= What to produce =
Word for word, restate the lines of the data from the first through the one containing "Pantalone DACK'S CUFF", and nothing else.

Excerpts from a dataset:
**********

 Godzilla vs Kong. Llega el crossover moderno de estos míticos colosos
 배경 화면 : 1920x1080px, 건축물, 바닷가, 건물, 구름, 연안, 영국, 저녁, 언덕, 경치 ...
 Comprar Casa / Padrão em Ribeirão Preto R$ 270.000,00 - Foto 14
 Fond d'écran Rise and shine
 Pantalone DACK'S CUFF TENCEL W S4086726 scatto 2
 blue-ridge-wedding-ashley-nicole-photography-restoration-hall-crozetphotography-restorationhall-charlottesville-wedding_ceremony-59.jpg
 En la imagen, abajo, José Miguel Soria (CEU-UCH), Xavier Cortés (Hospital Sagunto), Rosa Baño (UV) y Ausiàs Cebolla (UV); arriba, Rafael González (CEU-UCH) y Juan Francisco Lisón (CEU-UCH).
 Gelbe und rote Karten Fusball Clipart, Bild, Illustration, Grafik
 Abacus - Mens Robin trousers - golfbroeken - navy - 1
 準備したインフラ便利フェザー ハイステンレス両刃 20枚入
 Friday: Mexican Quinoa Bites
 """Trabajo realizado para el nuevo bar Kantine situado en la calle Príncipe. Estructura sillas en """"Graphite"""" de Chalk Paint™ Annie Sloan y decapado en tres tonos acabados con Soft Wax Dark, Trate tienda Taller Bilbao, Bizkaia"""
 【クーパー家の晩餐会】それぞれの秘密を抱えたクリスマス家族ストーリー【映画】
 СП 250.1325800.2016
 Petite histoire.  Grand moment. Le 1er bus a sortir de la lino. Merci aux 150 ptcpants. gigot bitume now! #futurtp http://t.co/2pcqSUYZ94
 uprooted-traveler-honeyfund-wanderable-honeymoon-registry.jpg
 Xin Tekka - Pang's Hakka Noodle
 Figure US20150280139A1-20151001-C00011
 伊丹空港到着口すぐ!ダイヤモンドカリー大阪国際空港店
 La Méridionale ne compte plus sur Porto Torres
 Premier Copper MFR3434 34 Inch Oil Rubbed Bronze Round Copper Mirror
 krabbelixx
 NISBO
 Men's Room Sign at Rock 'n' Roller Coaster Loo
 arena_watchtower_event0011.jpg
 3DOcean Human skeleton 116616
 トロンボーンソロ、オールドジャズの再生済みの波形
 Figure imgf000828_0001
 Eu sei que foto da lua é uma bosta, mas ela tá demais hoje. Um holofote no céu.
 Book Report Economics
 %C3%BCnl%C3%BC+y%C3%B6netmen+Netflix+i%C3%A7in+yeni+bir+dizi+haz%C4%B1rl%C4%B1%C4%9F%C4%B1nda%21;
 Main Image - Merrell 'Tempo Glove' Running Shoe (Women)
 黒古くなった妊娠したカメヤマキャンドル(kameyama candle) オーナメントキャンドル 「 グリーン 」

**********

= Your solution =
 Godzilla vs Kong. Llega el crossover moderno de estos míticos colosos
 배경 화면 : 1920x1080px, 건축물, 바닷가, 건물, 구름, 연안, 영국, 저녁, 언덕, 경치 ...
 Comprar Casa / Padrão em Ribeirão Preto R$ 270.000,00 - Foto 14
 Fond d'écran Rise and shine
 Pantalone DACK'S CUFF TENCEL W S4086726 scatto 2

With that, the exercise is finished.